16(ish)

I’m going to publish this without reading it first. Hopefully it’s not a complete mess.

I wanted to post something new for a while, but the last post I made was for Gigi’s 15th birthday… and I didn’t feel right posting anything else before I followed up on that. And I couldn’t bring myself to do that until now.

Gigi did make it to 16 and a bit. If I’m being honest with myself, I should have let her go a few weeks before her birthday. She wasn’t really suffering, outwardly. You know how there are some really stubborn old people who, when you try to help them, just give you a look and go “I don’t need your help!”? Well, Gigi was like that. Like she’d have trouble jumping into the car, but she would not let me help. She just wouldn’t show that she was in pain.

But there were some physical signs. I did take her to the vet a bit after her birthday. Gigi has seen the same vet since she was a puppy, and she’s a pretty awesome vet… and a very no-bullshit kind of person. She’s also not the kind of person who’ll tell you what to do, but she definitely got me to see what was going on.

I couldn’t make that decision right on the spot. In my mind I was thinking that I’d go home, give myself time to get used to the idea, give them a call in a week or so and make an appointment for a couple of weeks ahead.

But the whole thing sunk in much faster. Because, now that I could see what was going on, I couldn’t ignore it. I couldn’t look at Gigi and go “Oh you’re not acting like you’re in pain so you’re fine” any more. So I called the next day and made the soonest available appointment.

Out vet — and I cannot stress how amazing this is — had said she’d do a house call when the time came. Gigi absolutely hated the vet clinic and I did not want her last moments to be somewhere she’s terrified of. I mean, can yo imagine? Anyway, I made the call, made the appointment, waited for my boss to show up and told him I need next week off.

We went for a walk on Monday morning. A really nice, leisurely, long walk in the park we’d been going to for over a decade. I’m kind of glad we didn’t run into anyone we knew. Not sure how I’d have handled that.

We went home, played in the yard for a while, I got the call saying they were on their way. Gigi did the whole “oh no strangers” thing. She didn’t stop running around until the knockout shot took hold. She fell asleep, on my lap. I held her and… well. That was that. Peaceful.

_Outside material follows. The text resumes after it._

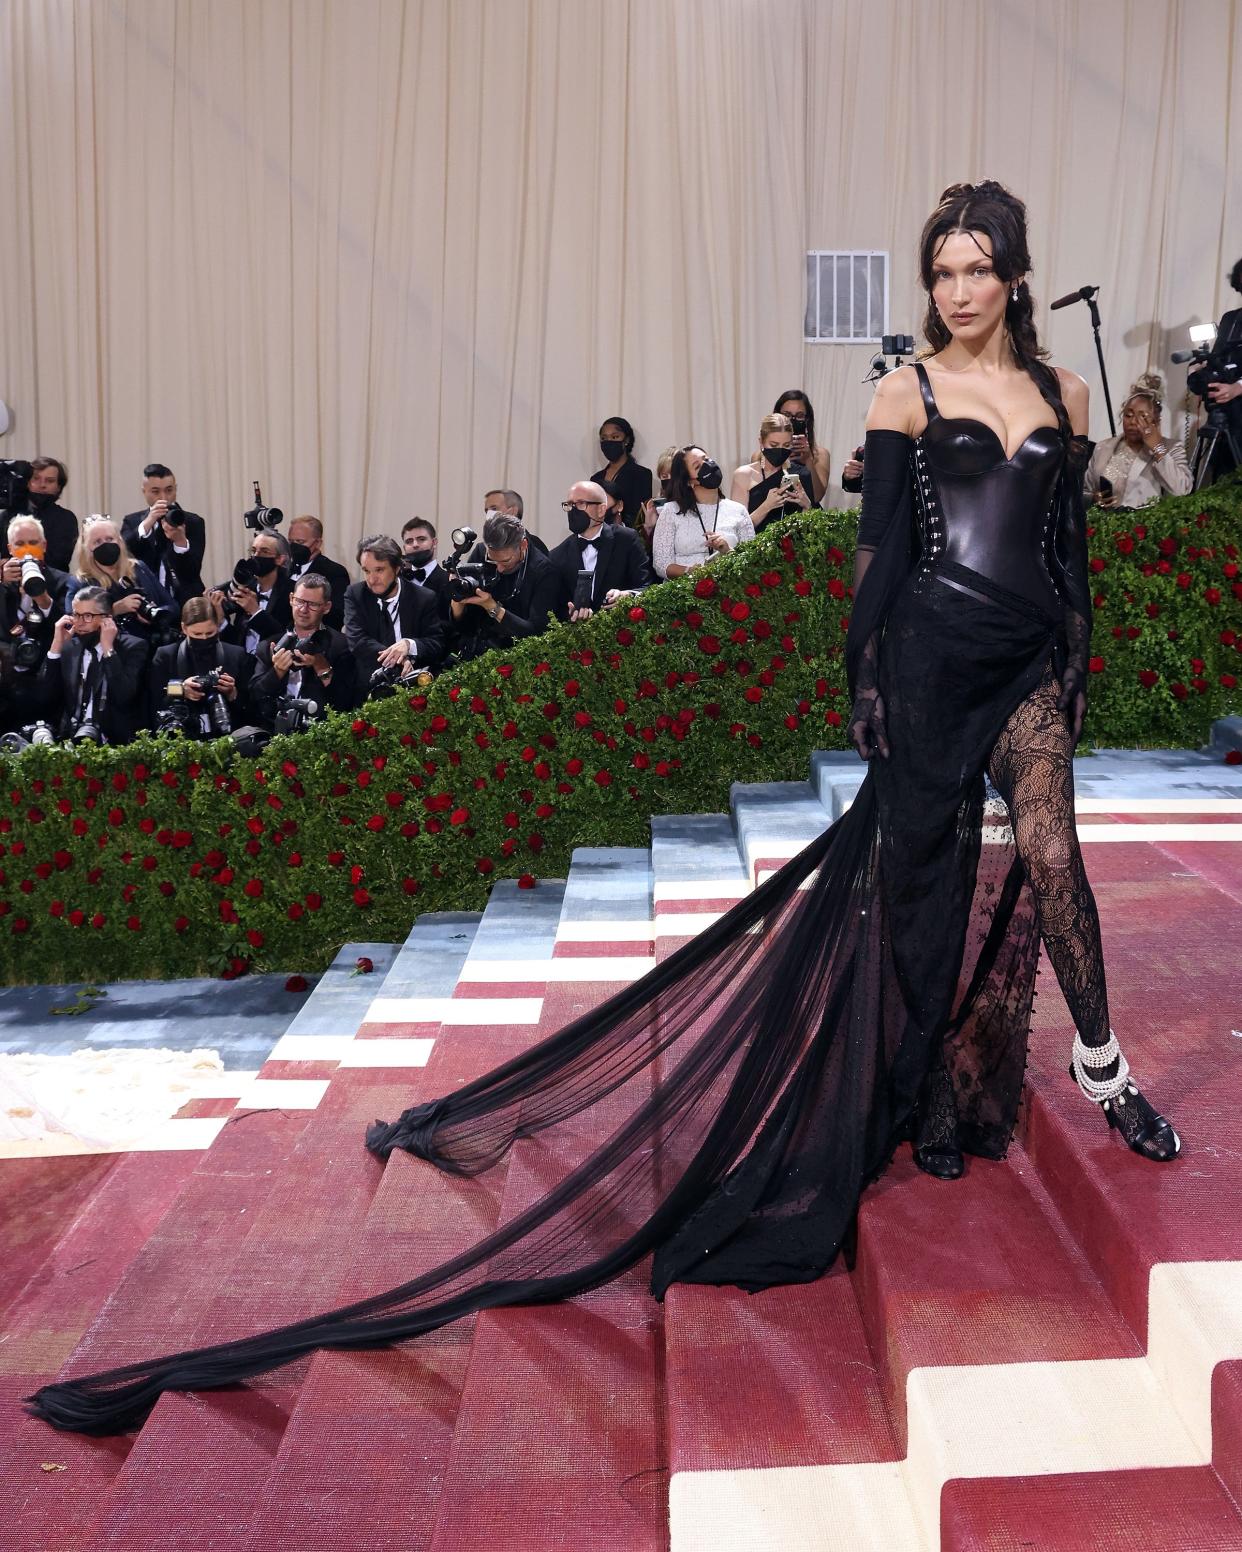 Bella Hadid in a black dress with a long train at the 2022 Met Gala

It was one of those times where doing what is absolutely, positively the right thing still sucks.

But, I think, knowing that it was the right thing did help, a lot. I honestly didn’t know how I’d react. There was a fair chance that I would fall apart. It still hurt — it still does — but I dealt with it a lot better than I expected.

This was about a year ago.

This is the last picture I took of Gigi, just a few hours before. She was still hunting and pointing things out.

I don’t know that I’ve ever believed that there’s anything after we die.

But on the off-chance that I’m wrong… I’ll see you again, soon enough.